I tryed whit the following configuration to send observations and rewards:
# Get observations of the External Environment for each agent
observations= {
"agent_1": HVAC_H_obs,
"agent_2": HVAC_C_obs,
"agent_3": NW_obs,
"agent_4": SW_obs,
"agent_5": NWB_obs
}
# Ask for actions to the server
action = client.get_action(eid, observations)

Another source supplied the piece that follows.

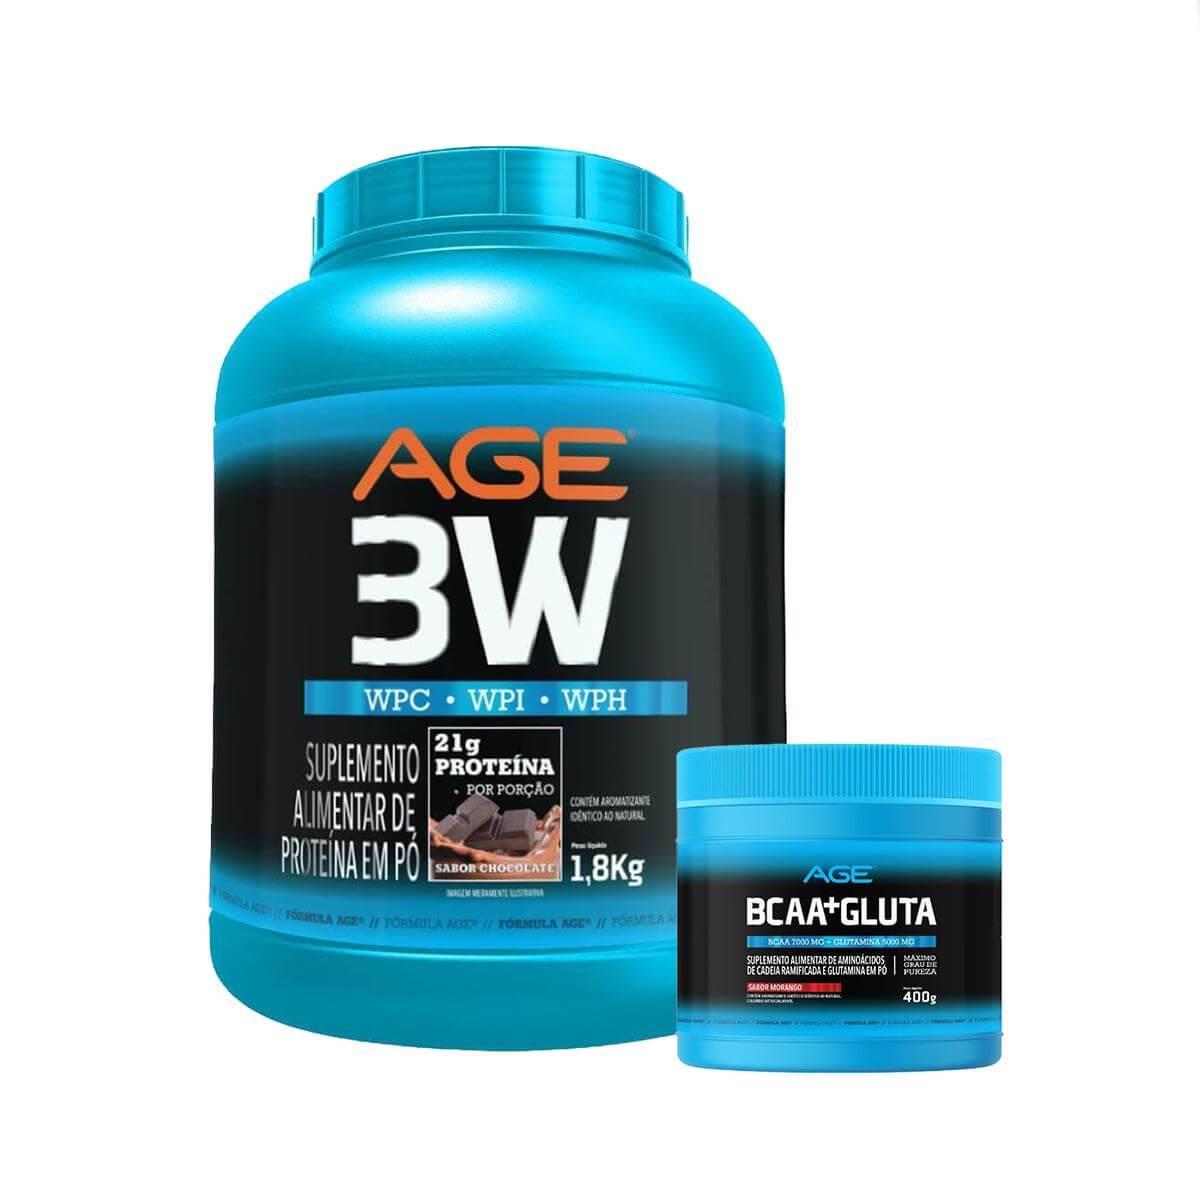 Whey 3W + BCAA e Glutamina (1,8Kg) - Chocolate - AGE
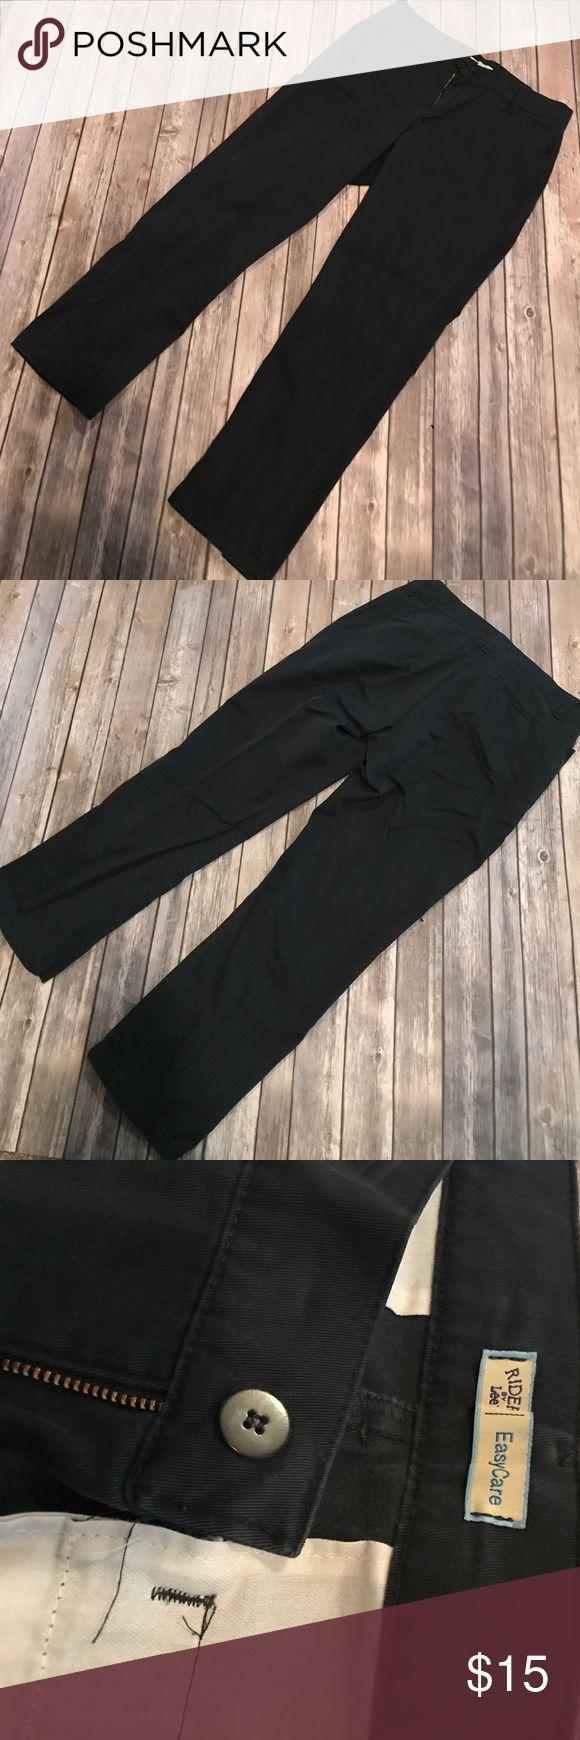 H m black dress pants by lee

# After aplied actions in the environment, rewards are calculated with the new observations
rewards= {
"agent_1": HVAC_H_rew,
"agent_2": HVAC_C_rew,
"agent_3": NW_rew,
"agent_4": SW_rew,
"agent_5": NWB_rew
}
# The rewards are log in the server to lern about it
client.log_returns(eid, rewards, {}, {})
And I have the following error:
-- Raw obs from env: { '1': { 'agent_1': [ 1,
0,
0.0,
0.0,
23.766666666666666,
20.72565539572239,
0.2833333333333333,
178.66666666666666,
53.515461867926604],
'agent_2': [ 1,
0,
0.0,
0.0,
23.766666666666666,
20.72565539572239,
0.2833333333333333,
178.66666666666666,
53.515461867926604],
'agent_3': [ 1,
0,
23.766666666666666,
20.72565539572239,
0.2833333333333333,
178.66666666666666,
53.515461867926604],
'agent_5': [ 1,
0,
23.766666666666666,
20.72565539572239],
'agent_4': [ 1,
0,
23.766666666666666,
20.72565539572239,
0.2833333333333333,
178.66666666666666,
53.515461867926604]}}
2022-07-26 20:10:49,246 INFO sampler.py:665 -- Info return from env: { '1': { 'agent_1': {},
'agent_2': {},
'agent_3': {},
'agent_5': {},
'agent_4': {}}}
--- Logging error ---
Traceback (most recent call last):
File "C:\Users\grhen\AppData\Local\Programs\Python\Python39\lib\site-packages\ray\rllib\env\policy_client.py", line 303, in run
samples = self.rollout_worker.sample()
File "C:\Users\grhen\AppData\Local\Programs\Python\Python39\lib\site-packages\ray\rllib\evaluation\rollout_worker.py", line 825, in sample
batches = [self.input_reader.next()]
File "C:\Users\grhen\AppData\Local\Programs\Python\Python39\lib\site-packages\ray\rllib\evaluation\sampler.py", line 115, in next
batches = [self.get_data()]
File "C:\Users\grhen\AppData\Local\Programs\Python\Python39\lib\site-packages\ray\rllib\evaluation\sampler.py", line 288, in get_data
item = next(self._env_runner)
File "C:\Users\grhen\AppData\Local\Programs\Python\Python39\lib\site-packages\ray\rllib\evaluation\sampler.py", line 671, in _env_runner
active_envs, to_eval, outputs = _process_observations(
File "C:\Users\grhen\AppData\Local\Programs\Python\Python39\lib\site-packages\ray\rllib\evaluation\sampler.py", line 893, in _process_observations
policy_id: PolicyID = episode.policy_for(agent_id)
File "C:\Users\grhen\AppData\Local\Programs\Python\Python39\lib\site-packages\ray\rllib\evaluation\episode.py", line 175, in policy_for
raise KeyError(
KeyError: "policy_mapping_fn returned invalid policy id 'default_policy'!"
I can not to figure out how to Multiagents work in RLlib. Anyone can help me? Thanks!